*** Opening Input data ***

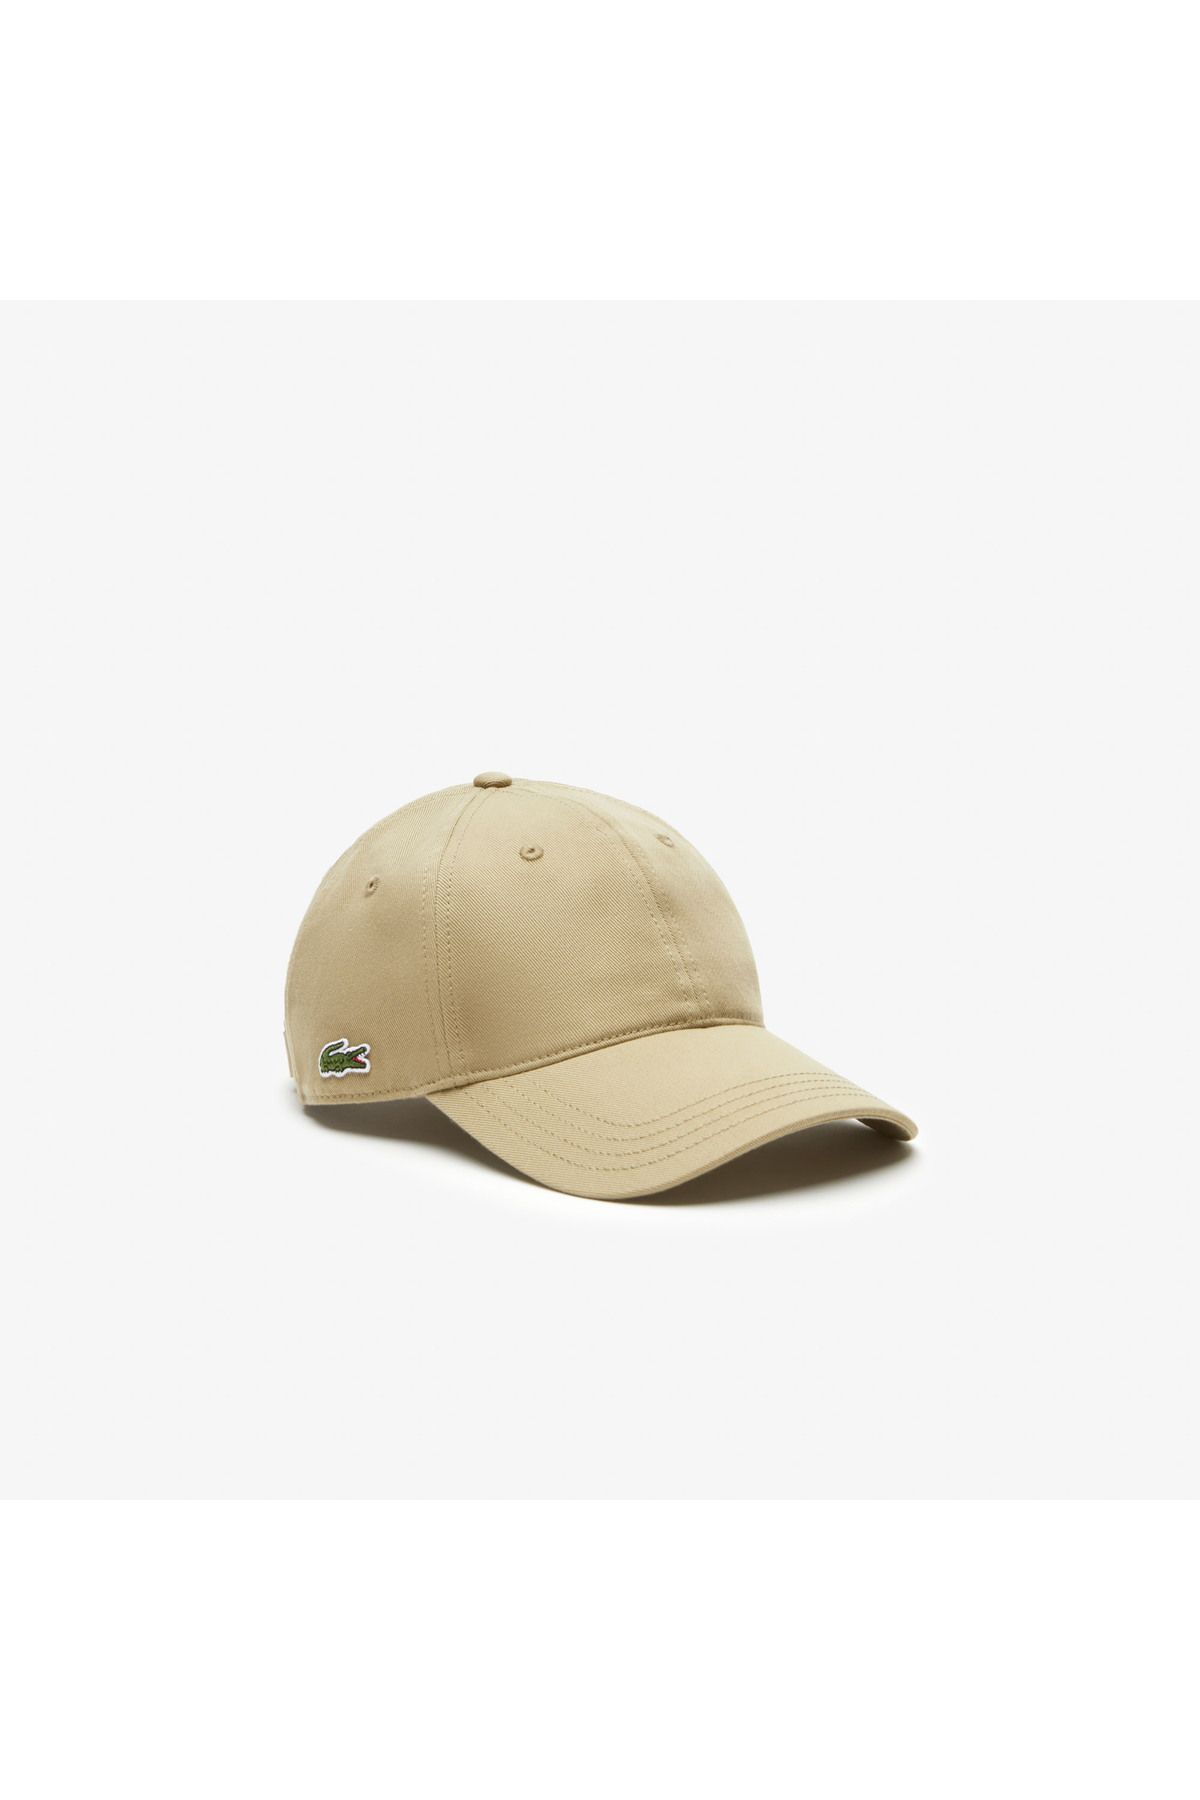 Lacoste Unisex Kahverengi Şapka
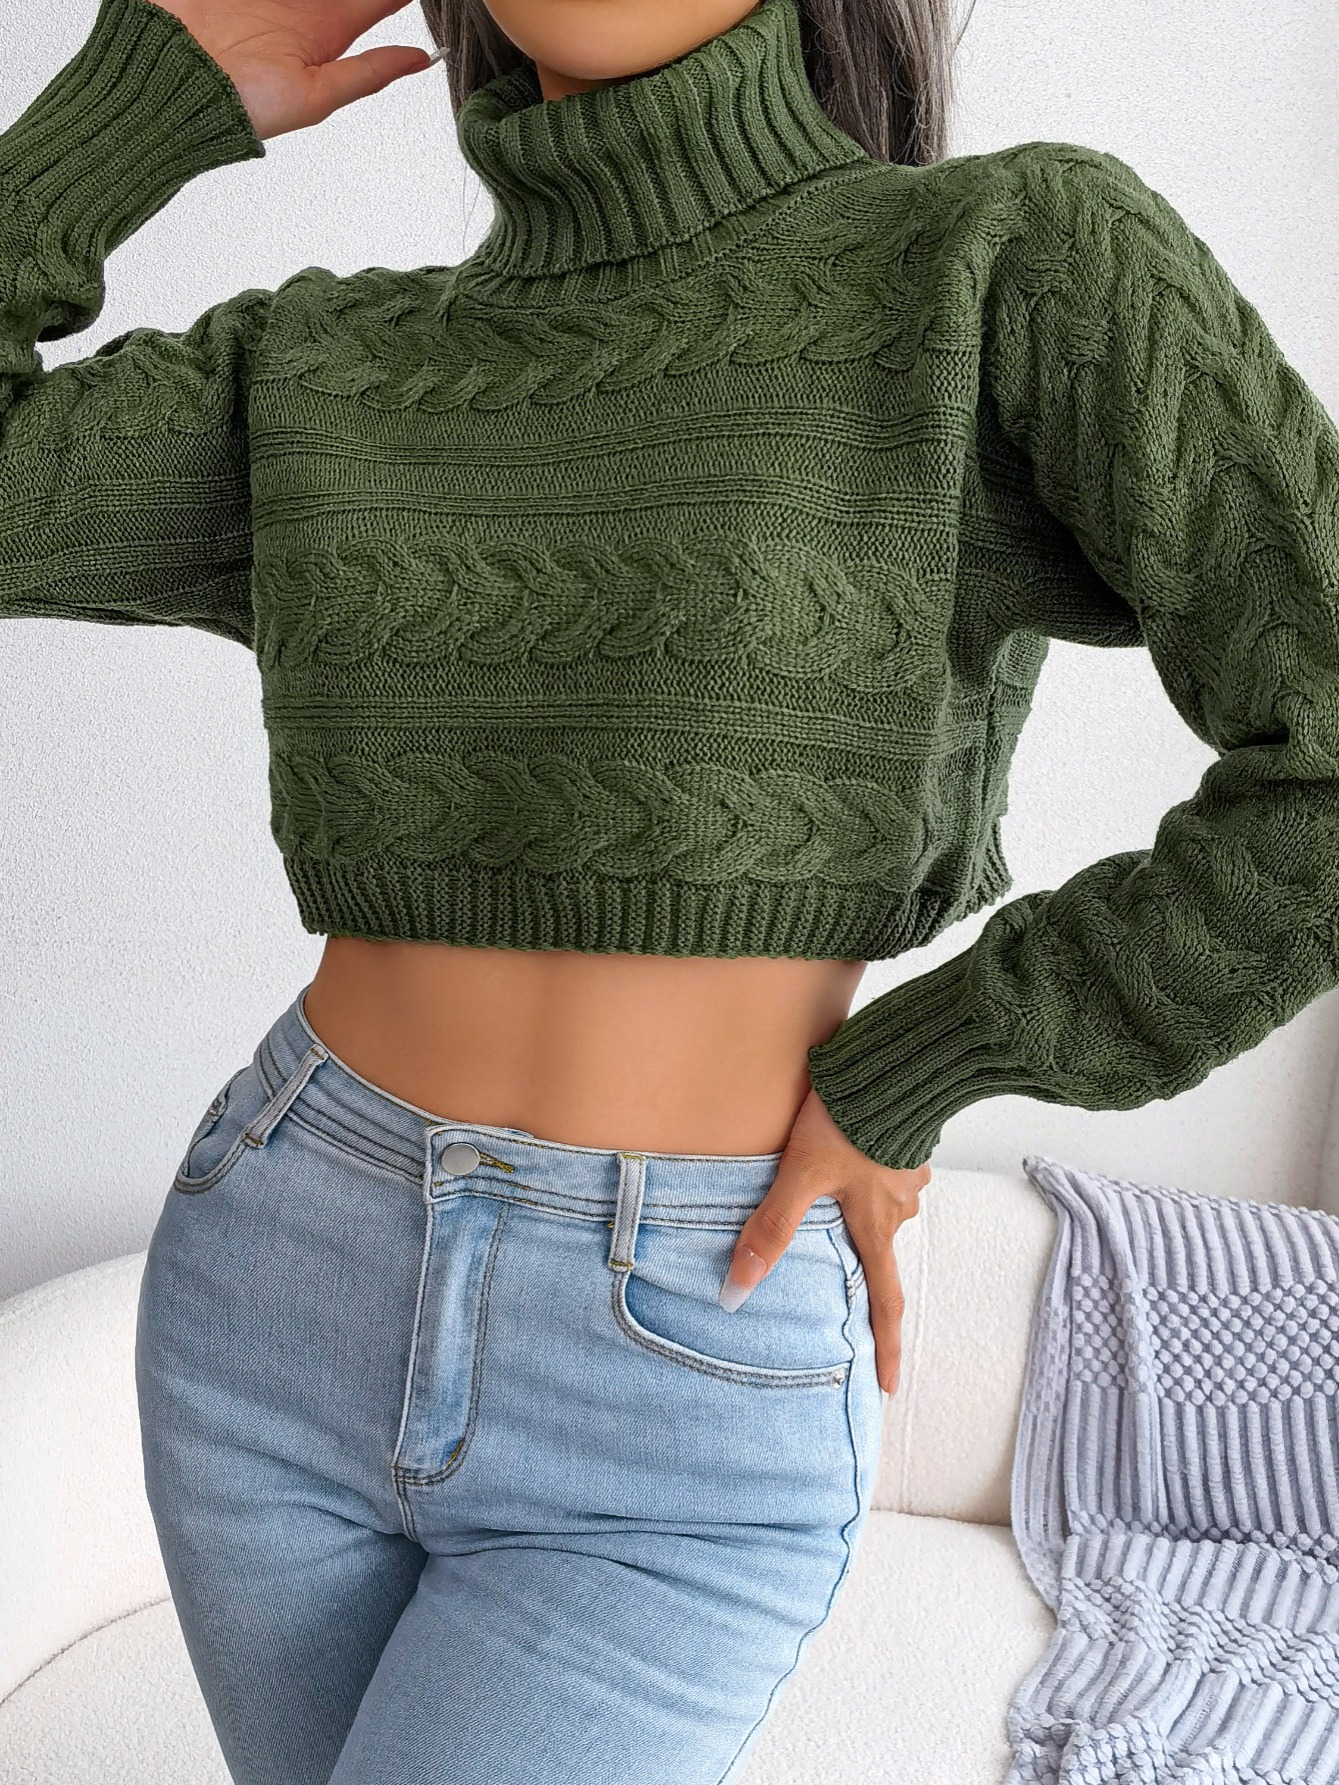 Three toned Color Block Crop Sweater Loose fit Rib knit Crew
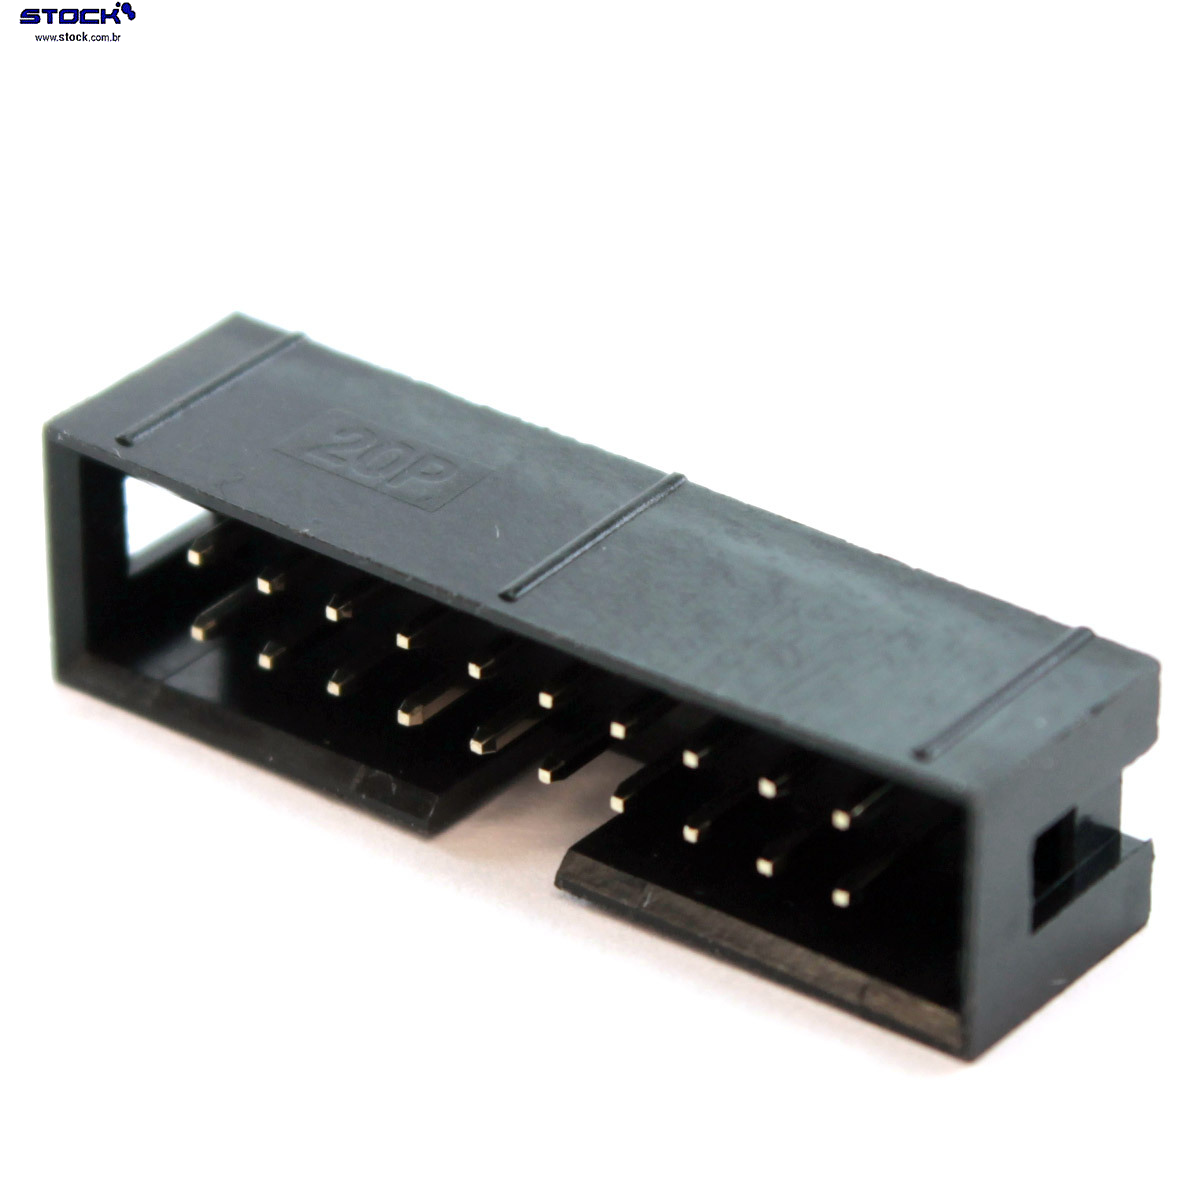 IDC Box Header p/ PCI 20 Pinos Macho Pitch 2,54mm- Fileira dupla– 02x10 180 Graus - Preto

*** Closing Input data ***

▶ _What needs to be done_: Return exactly the lines that begin with the one containing "Three toned Color" and end with the final line of the data above; include no pictures.

▶ _Exercise output_:
 Three toned Color Block Crop Sweater Loose fit Rib knit Crew
 IDC Box Header p/ PCI 20 Pinos Macho Pitch 2,54mm- Fileira dupla– 02x10 180 Graus - Preto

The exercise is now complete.